__WORK TO BE COMPLETED__: Below are entries with pictures among them; reproduce exactly, and only, the lines from the one containing "エンジ色と薄紫色、7パターンの不織布トートバッグ配色デザイン例。" down to the one containing "Conoce a los", without the pictures.

__MATERIAL PROVIDED__:
☆ ☆ ☆ ☆ ☆ ☆ ☆

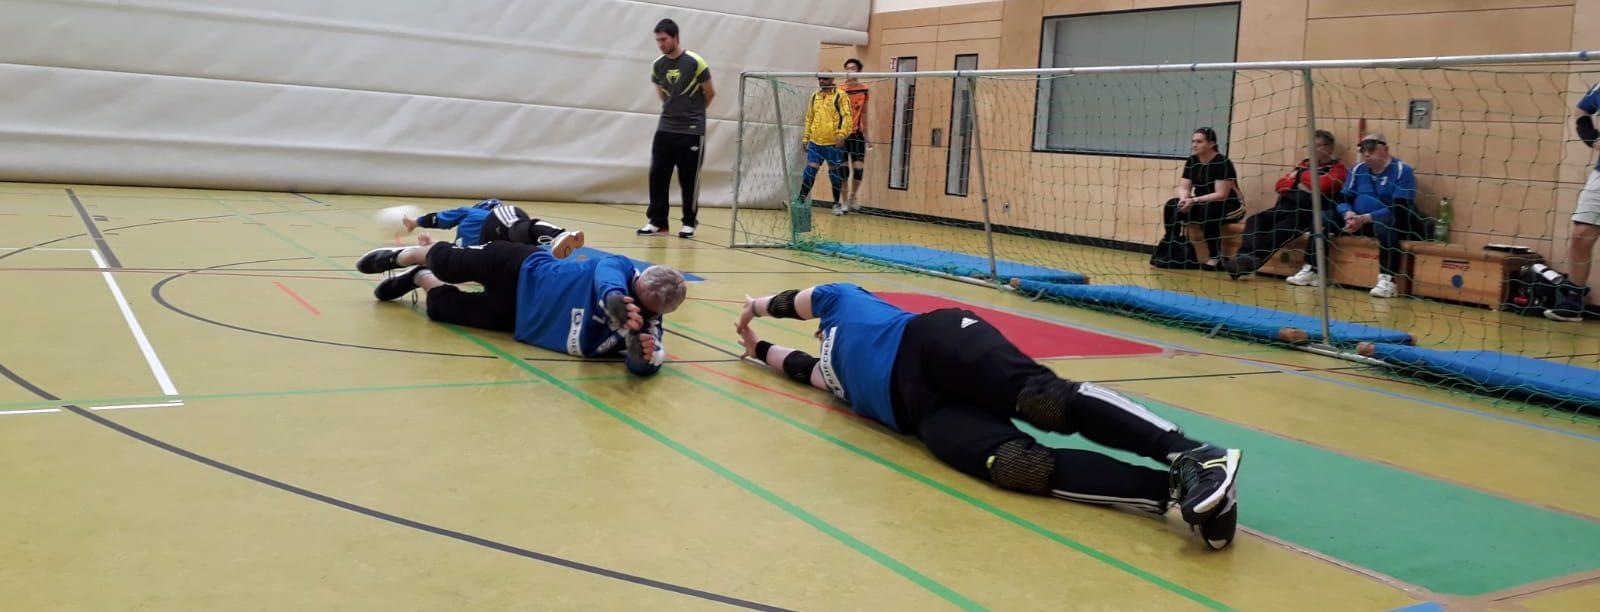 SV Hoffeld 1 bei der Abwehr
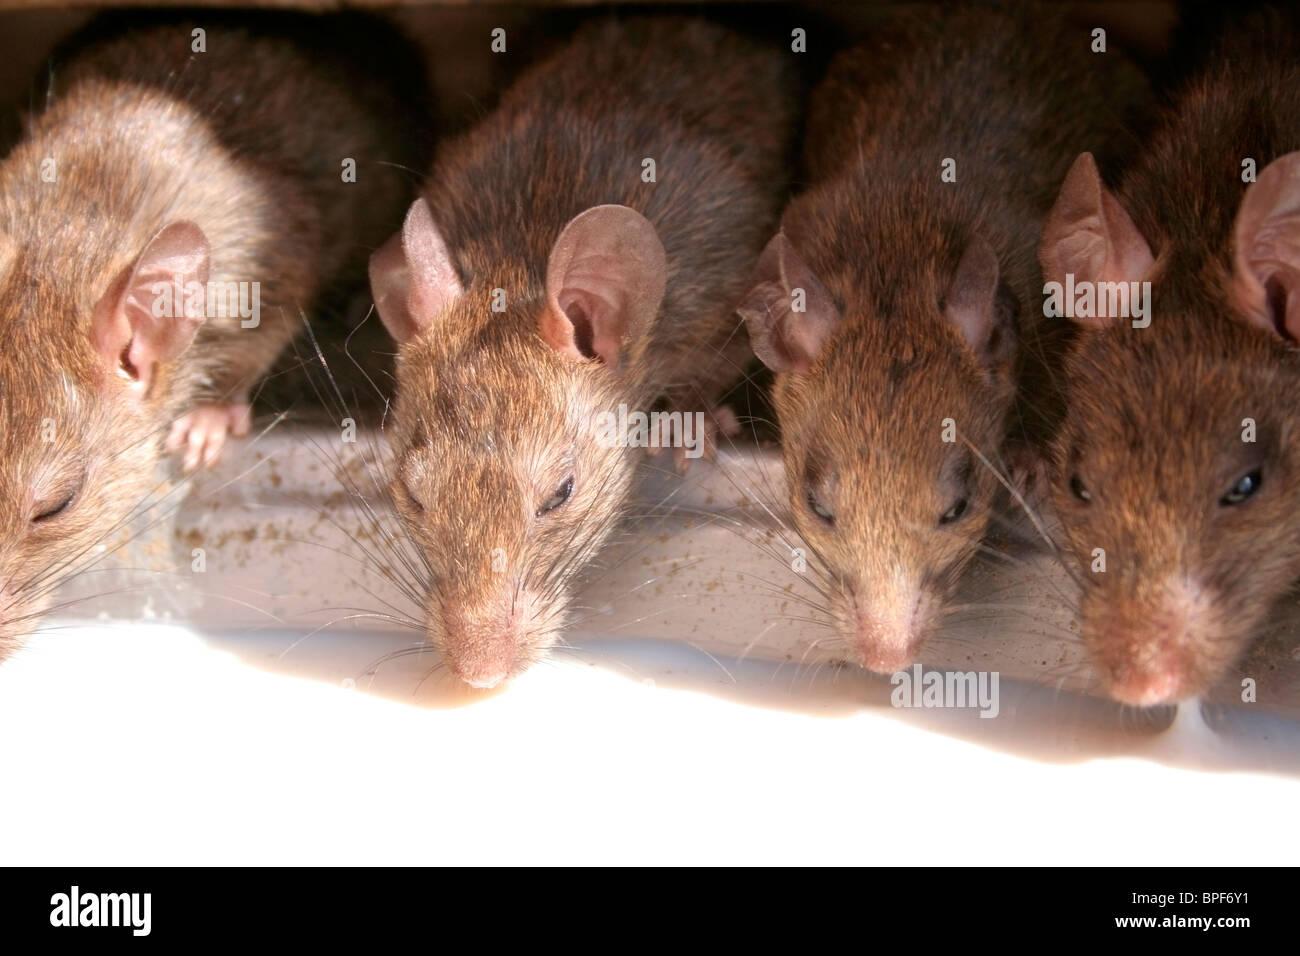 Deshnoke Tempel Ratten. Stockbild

☆ ☆ ☆ ☆ ☆ ☆ ☆

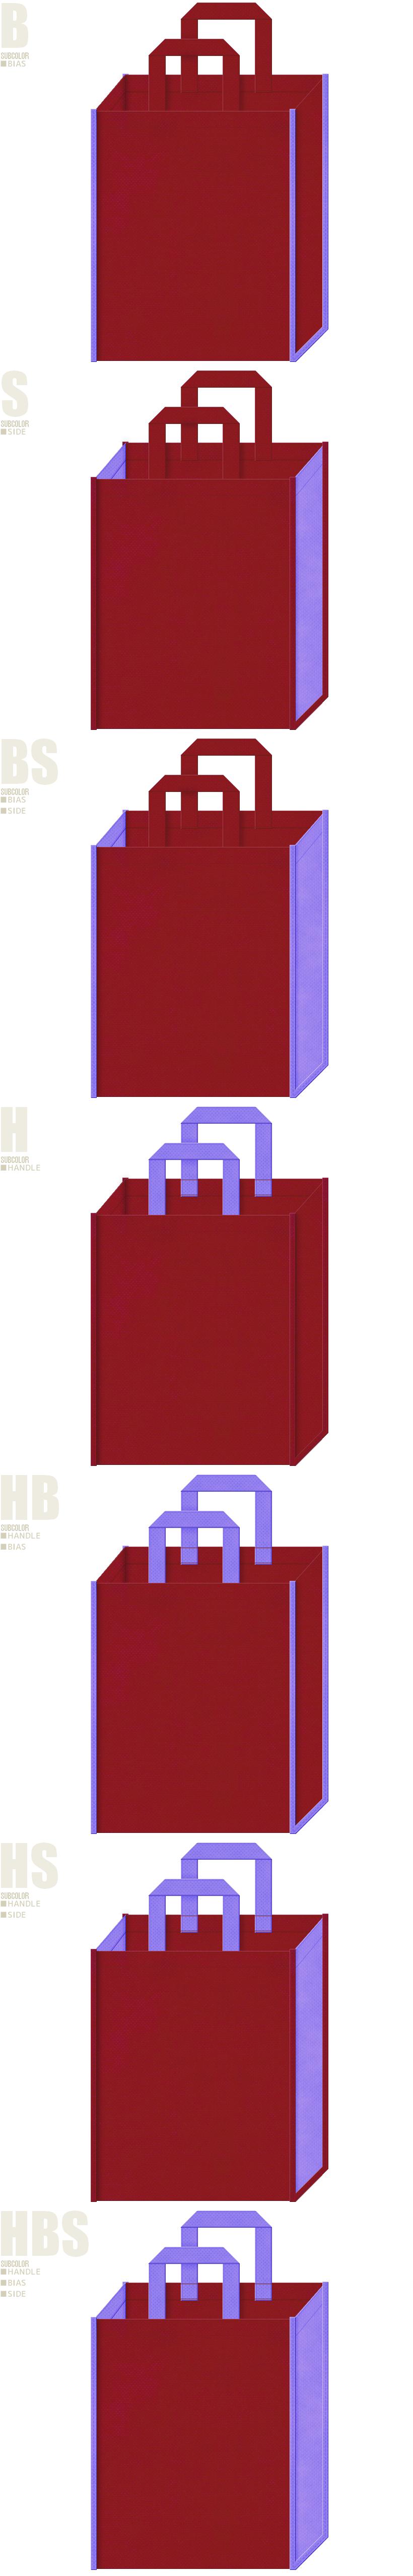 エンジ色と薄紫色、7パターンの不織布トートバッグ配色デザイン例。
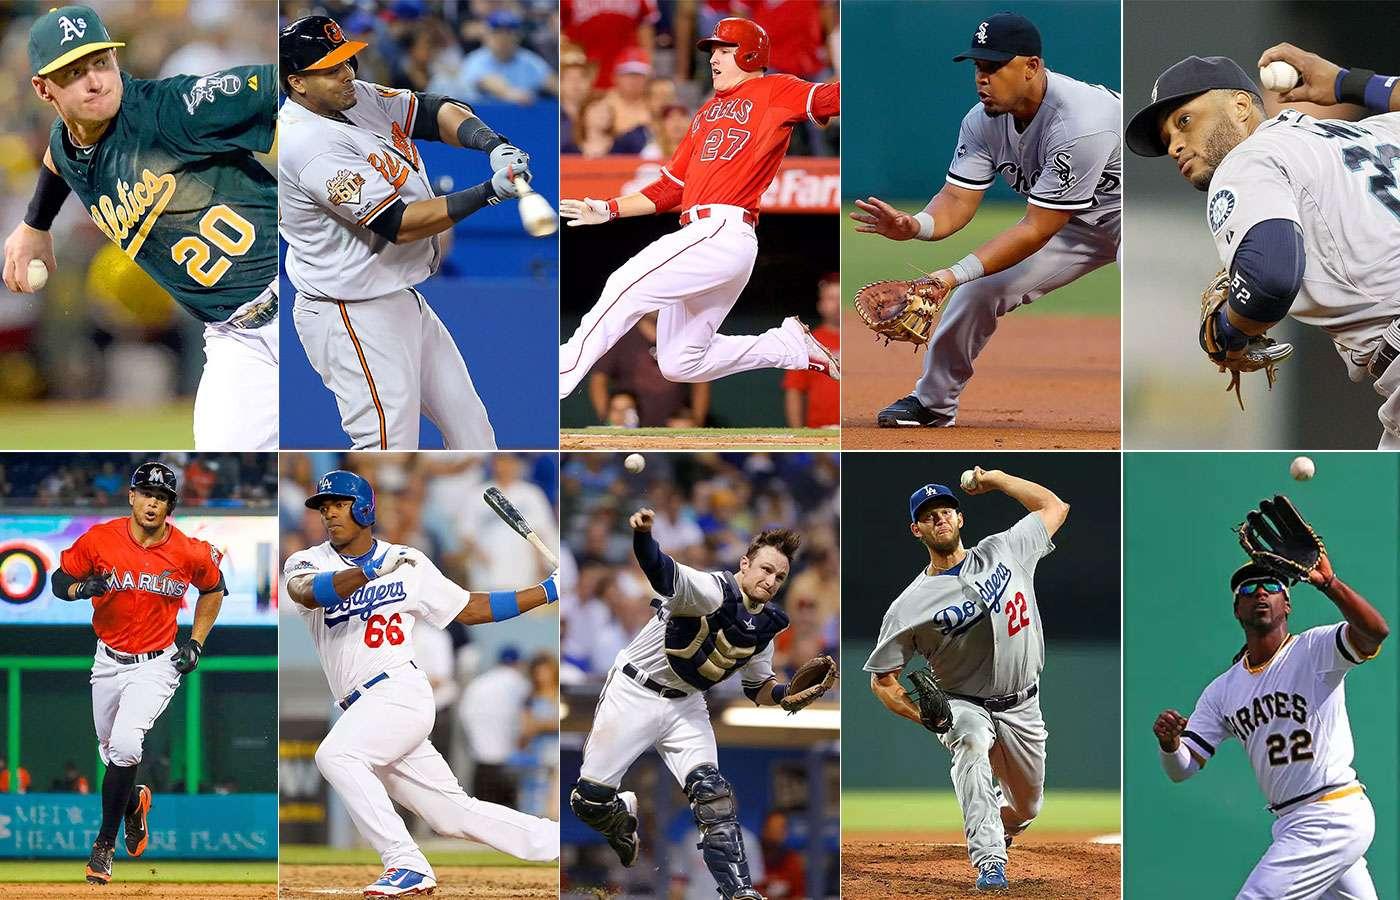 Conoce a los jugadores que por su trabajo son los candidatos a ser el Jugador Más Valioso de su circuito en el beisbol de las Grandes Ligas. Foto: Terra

☆ ☆ ☆ ☆ ☆ ☆ ☆

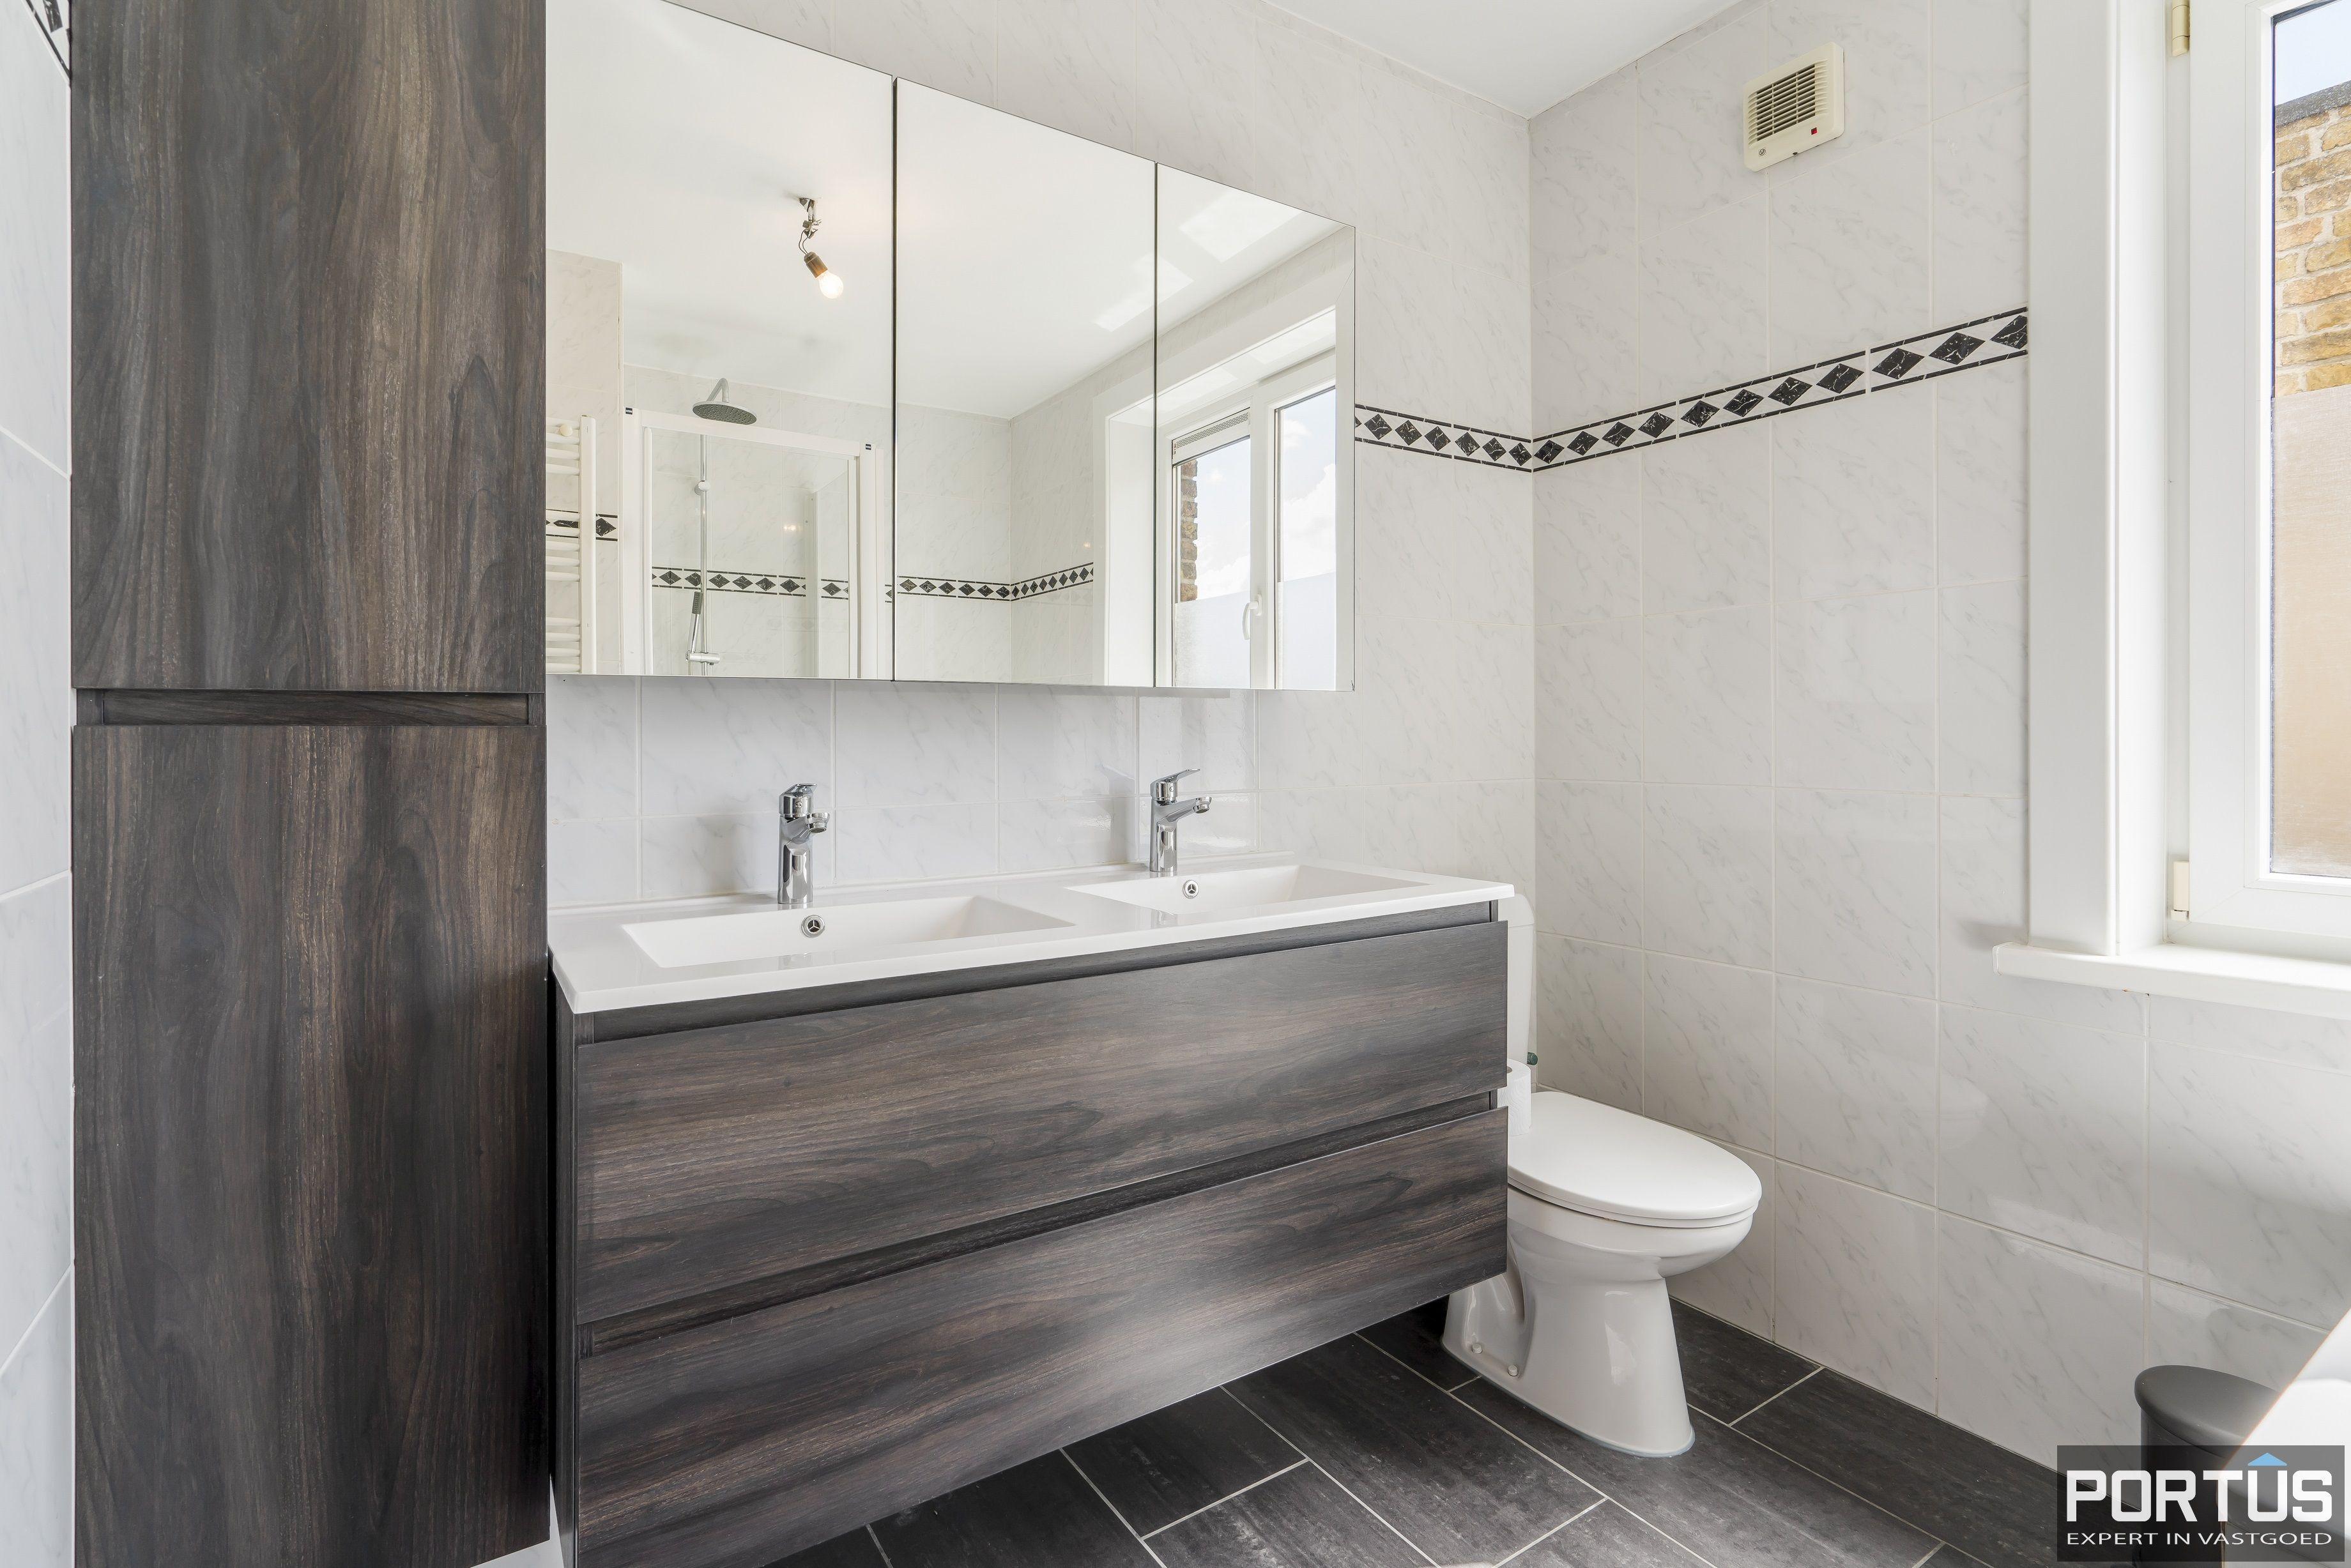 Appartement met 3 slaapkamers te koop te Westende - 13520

☆ ☆ ☆ ☆ ☆ ☆ ☆

__PROBLEM SOLUTION__:
 エンジ色と薄紫色、7パターンの不織布トートバッグ配色デザイン例。
 Conoce a los jugadores que por su trabajo son los candidatos a ser el Jugador Más Valioso de su circuito en el beisbol de las Grandes Ligas. Foto: Terra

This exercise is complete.